━━━ Recorded data

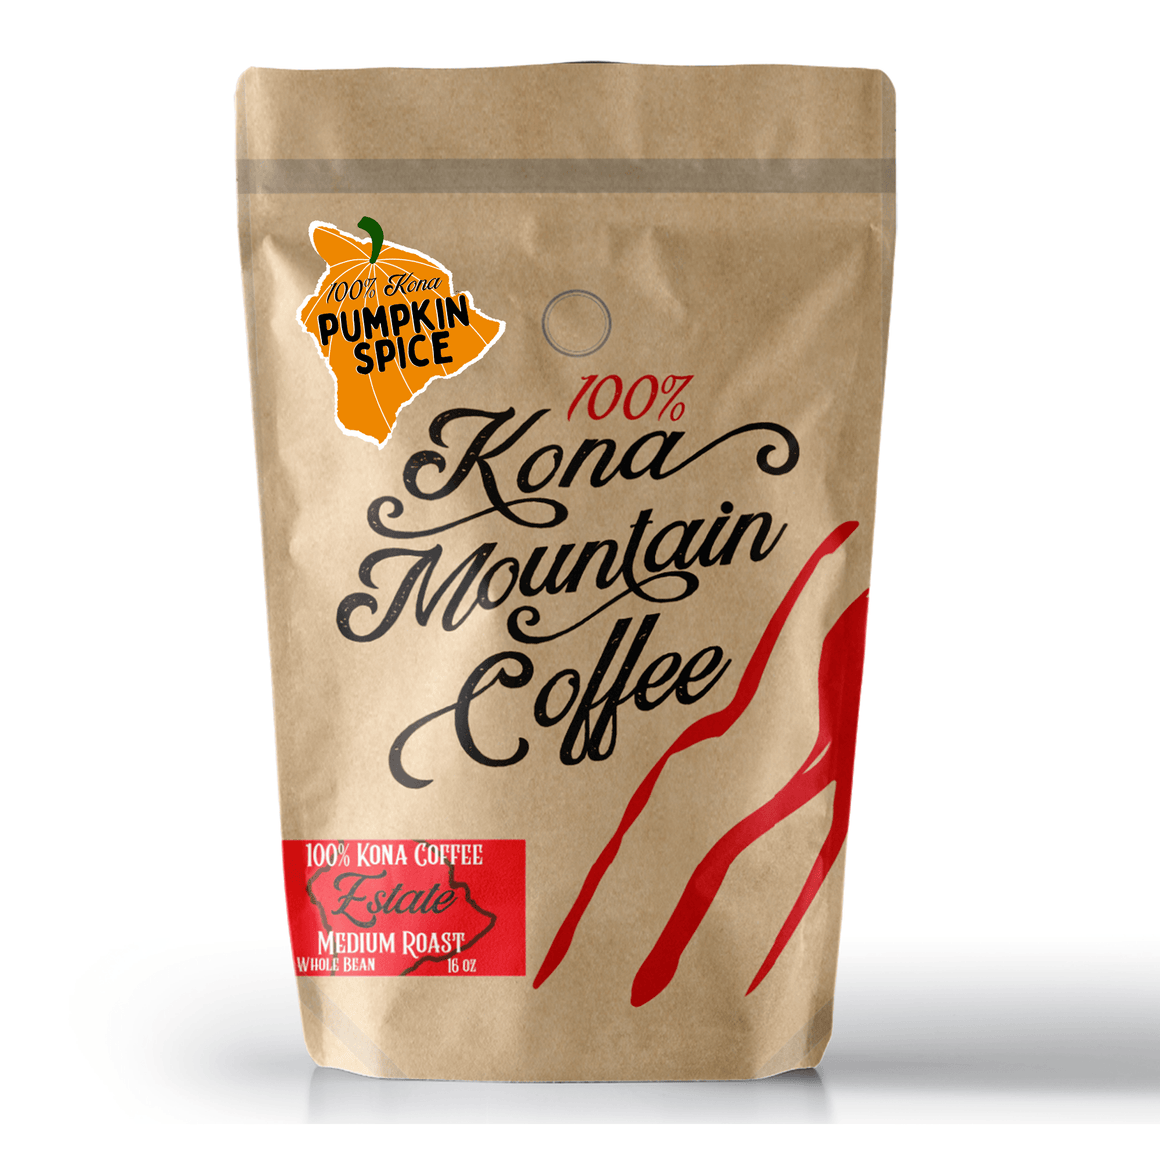 100% Kona Pumpkin Spice Coffee - Kona Mountain Coffee
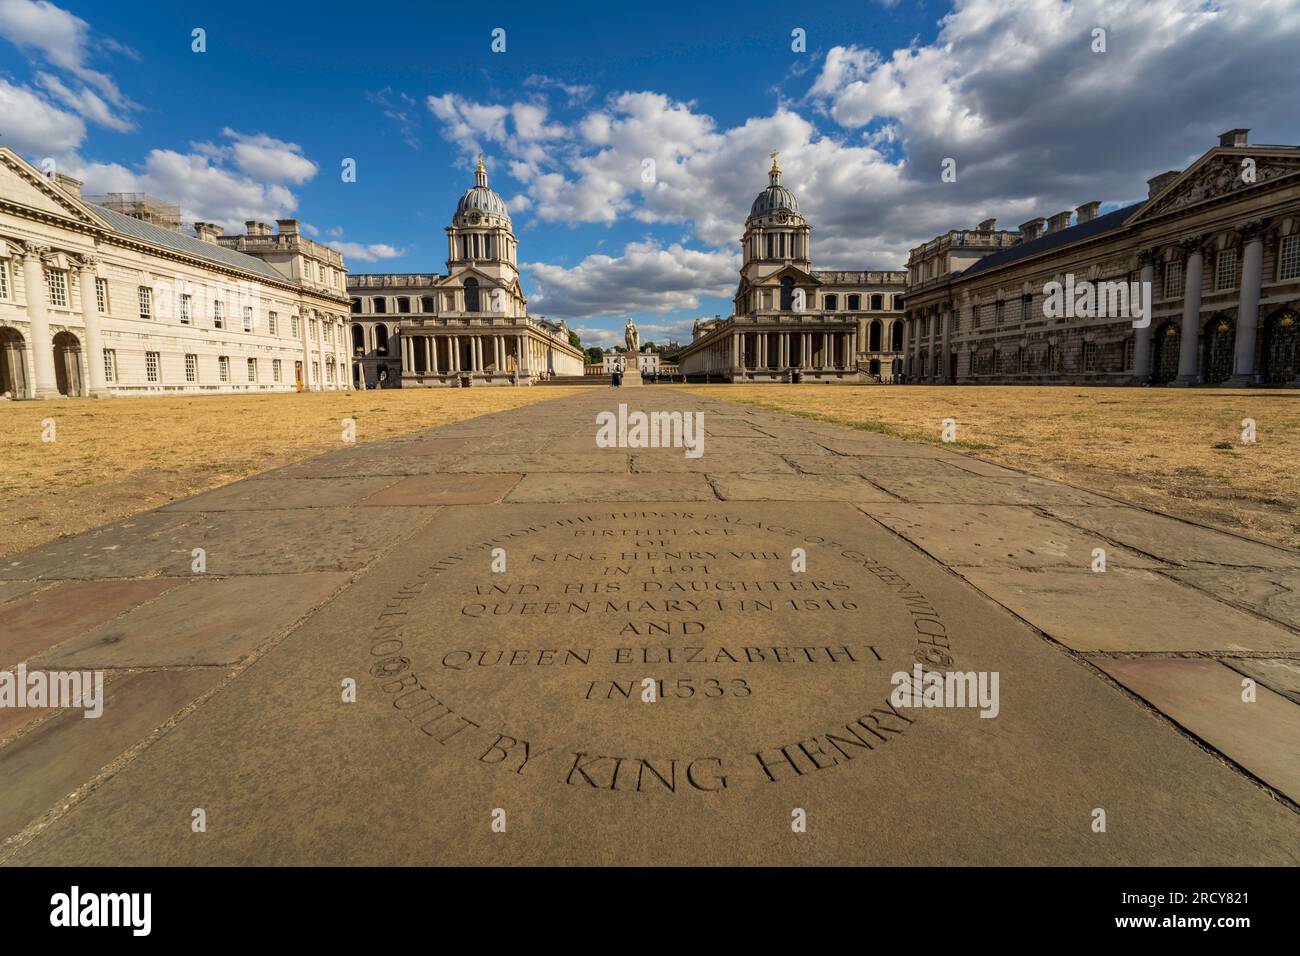 Greenwich Stadtbild. Ein Londoner Stadtteil und der Geburtsort von König Heinrich VIII., Königin Mary I. und Elizabeth I. Besuchen Sie die königlichen Museen und das Observatorium. Stockfoto
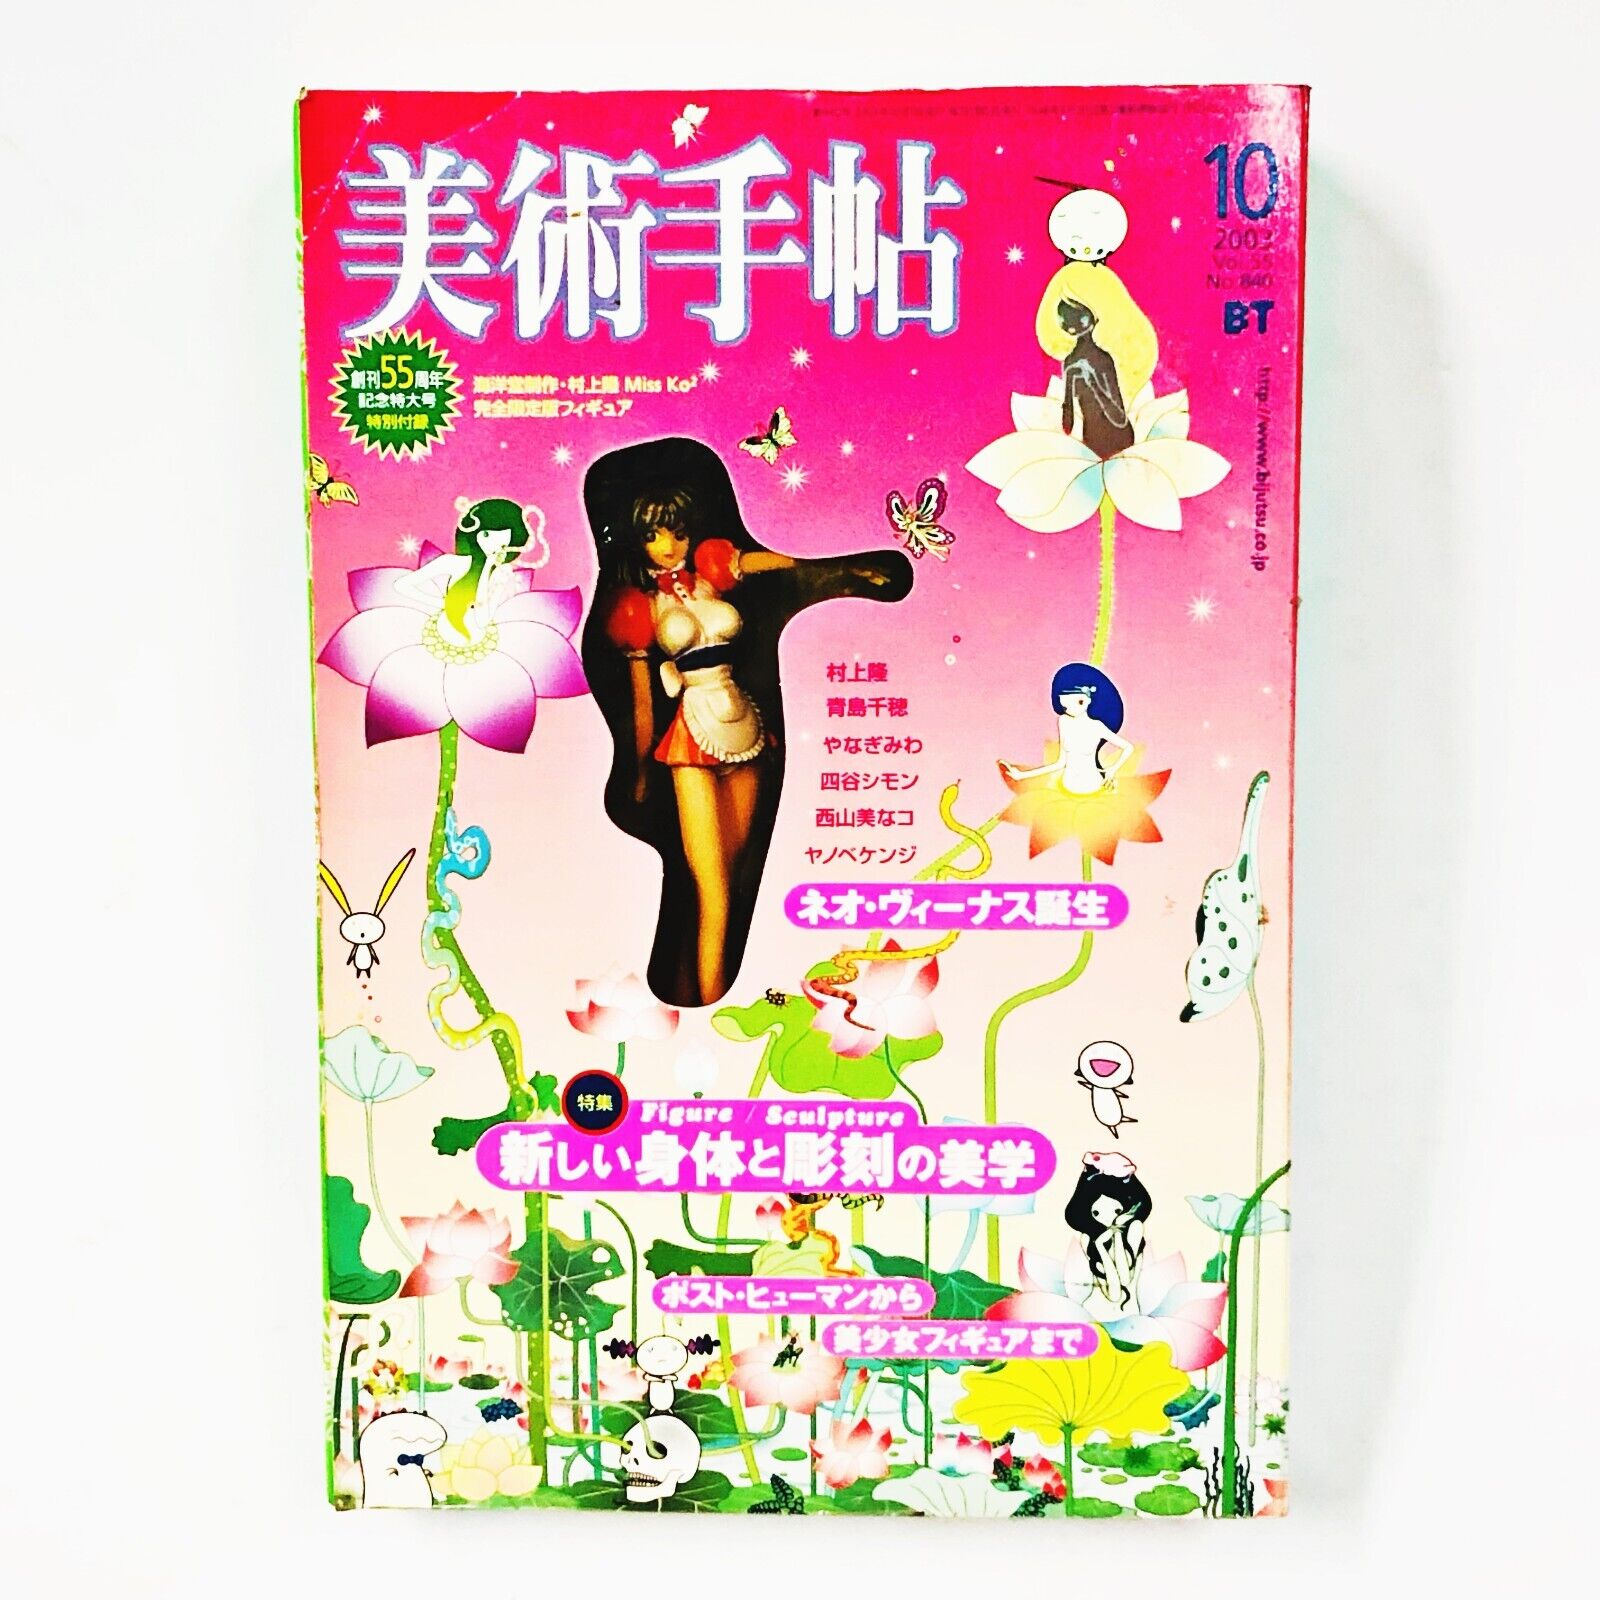 Takashi Murakami Super Flat Miss Ko2 Blond BT Magazine Museum 4 in. Figure Rare

━━━━━━

The reply should consist only of the lines running from the one with "Greenwich Stadtbild. Ein" through the end of the material, both included, copied exactly; please omit pictures.

 Greenwich Stadtbild. Ein Londoner Stadtteil und der Geburtsort von König Heinrich VIII., Königin Mary I. und Elizabeth I. Besuchen Sie die königlichen Museen und das Observatorium. Stockfoto
 Takashi Murakami Super Flat Miss Ko2 Blond BT Magazine Museum 4 in. Figure Rare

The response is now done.